The Lighthouse Keeper's Daughter
- Author: Hazel Gaynor
- Audio read by: Imogen Church
- Language: English
- Genre: Fiction; historical fiction
- Set in: Northumberland, UK and Newport, Rhode Island, US
- Published: 2018
- Publisher: HarperCollins, William Morrow and Company
- Pages: 396
- ISBN: 9780008255220

= The Lighthouse Keeper's Daughter (novel) =

2018 novel by Hazel Gaynor

The Lighthouse Keeper's Daughter is a novel by Hazel Gaynor. It is set in two main locations: Longstone Lighthouse on the Northumberland Coast in England in the late 1830s and early 1840s, for which Gaynor uses historical fiction to describe the experiences of Grace Darling; and Newport, Rhode Island, particularly the Rose Island Light, in which the main protagonist is a fictional character in the late 1930s, Matilda Emmerson.

==Historical background==
In the early hours of 7 September 1838 the SS Forfarshire ran aground in a heavy storm about 500 metres from the Longstone Lighthouse on which Grace Darling worked with her father. At dawn, she was the first person to see a small group of survivors on the rocks and insisted on accompanying her father in an open rowing boat, of the type known as a coble, to try to rescue them. They were successful in doing this, with Grace keeping the boat steady while her father guided a first group of survivors to the boat. Some were well enough to assist with the rowing and Grace stayed with the second group of survivors until her father could return. The heroism of the Darlings attracted widespread attention in the newspapers, and this particularly centred on Grace, who was 22 at the time. She received numerous letters, money (including £50 from Queen Victoria), and awards.

==The novel==
The novel blends the above historical facts and Darling's subsequent death from tuberculosis in April 1842 with a fictional account of her love for George Emmerson, who is portrayed as the brother of Sarah Dawson, one of the actual passengers rescued but whose two young children died. The fictional Matilda Emmerson, who is sent, a century later, from Ireland to Newport, Rhode Island during her unmarried pregnancy to stay with Harriet, a reclusive relative and assistant lighthouse keeper at the Rose Island Light, is a distant relative of George. Further family relations emerge during the novel, which also draws on the historical event of the 1938 New England hurricane.
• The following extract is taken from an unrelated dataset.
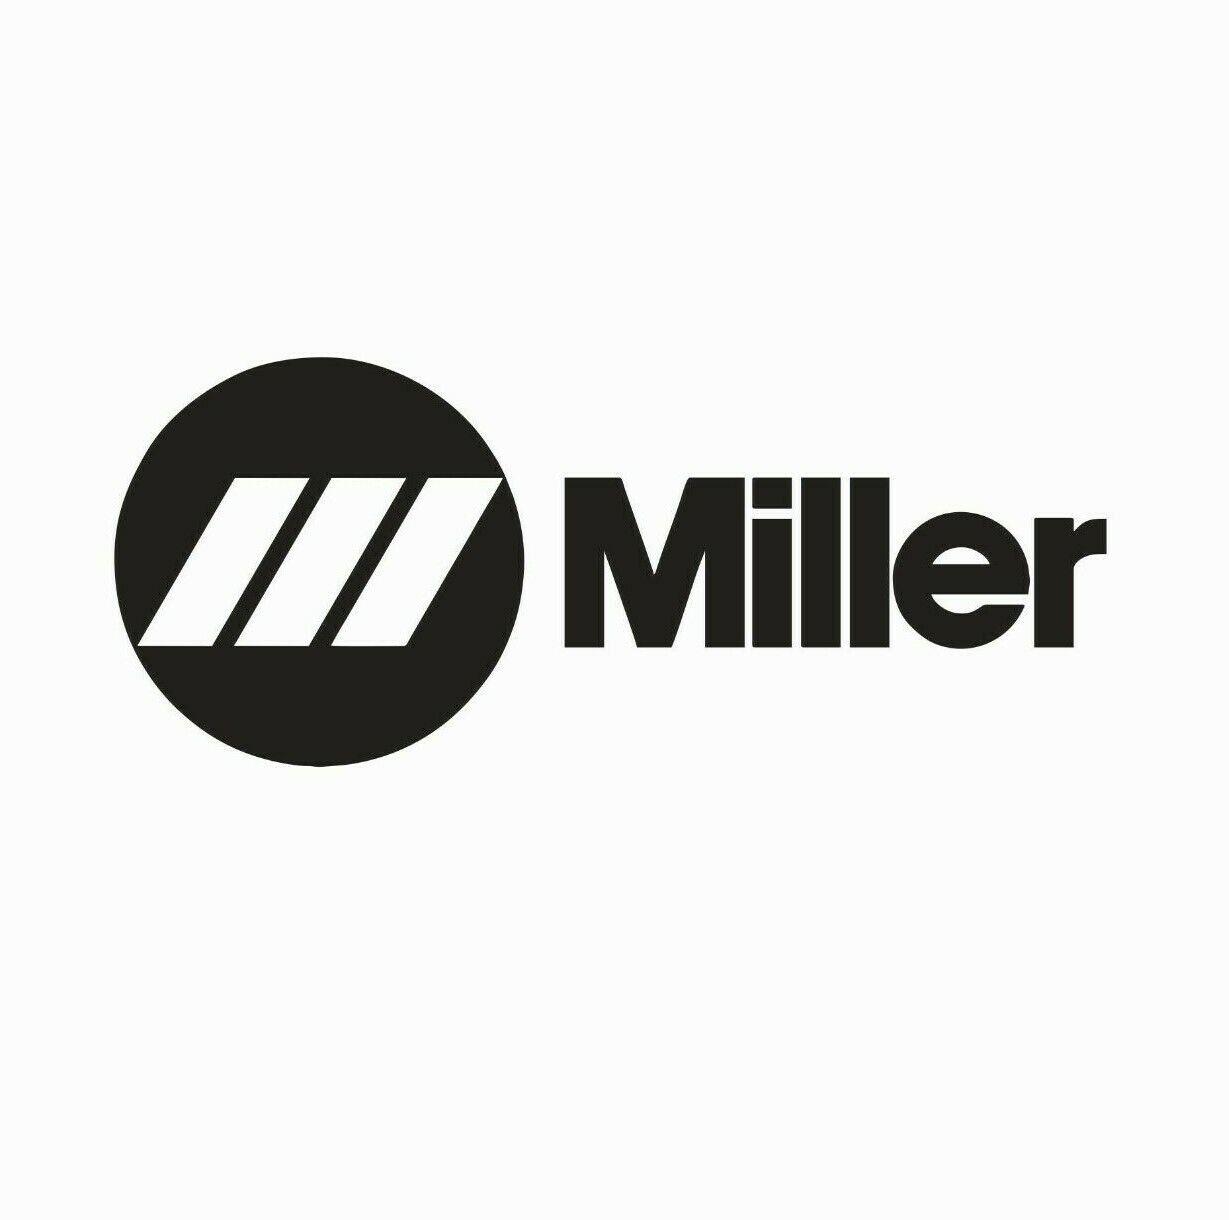 Miller Welder Welding Vinyl Die Cut Car Decal Sticker-FREE S
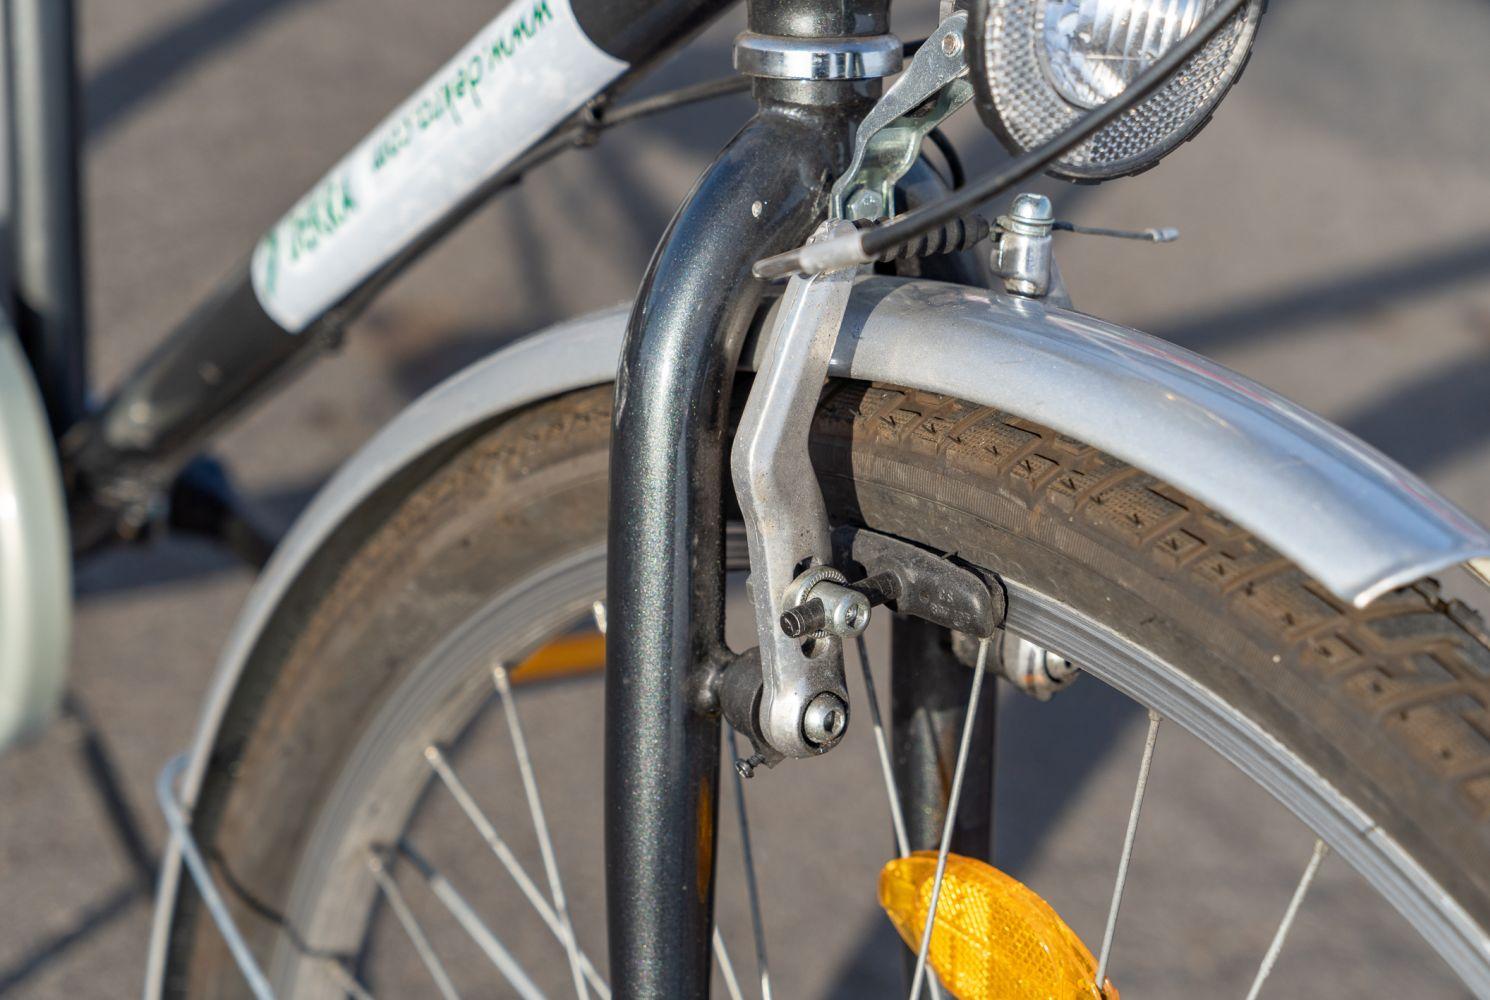 Fahrrad mit Felgenbremse. Foto: DEKRA

The author has said that the novel was inspired by the remarkable history of many female lighthouse keepers and not just Grace Darling. In particular, she drew inspiration from Ida Lewis who was the lighthouse keeper at Lime Rock Lighthouse in the Newport harbour in Rhode Island, which was later named after her. She was credited with saving many lives.

==Reviews==
One reviewer considered that Gaynor did an excellent job of balancing lighthouse service history with the story of the participants. Noting that despite hints of romance on the part of both Grace and Matilda, this wasn't the focus of the novel, which emphasized the women and their lives formed by their choices. The Historical Novel Society noted that Gaynor's narrative seamlessly flowed between the eras and the women. It complimented the author for the accuracy of the historical details of northern England and Rhode Island. The weather itself was a narrative catalyst. Another reviewer also commented on the amount of research involved, adding that the storylines were complex and well woven.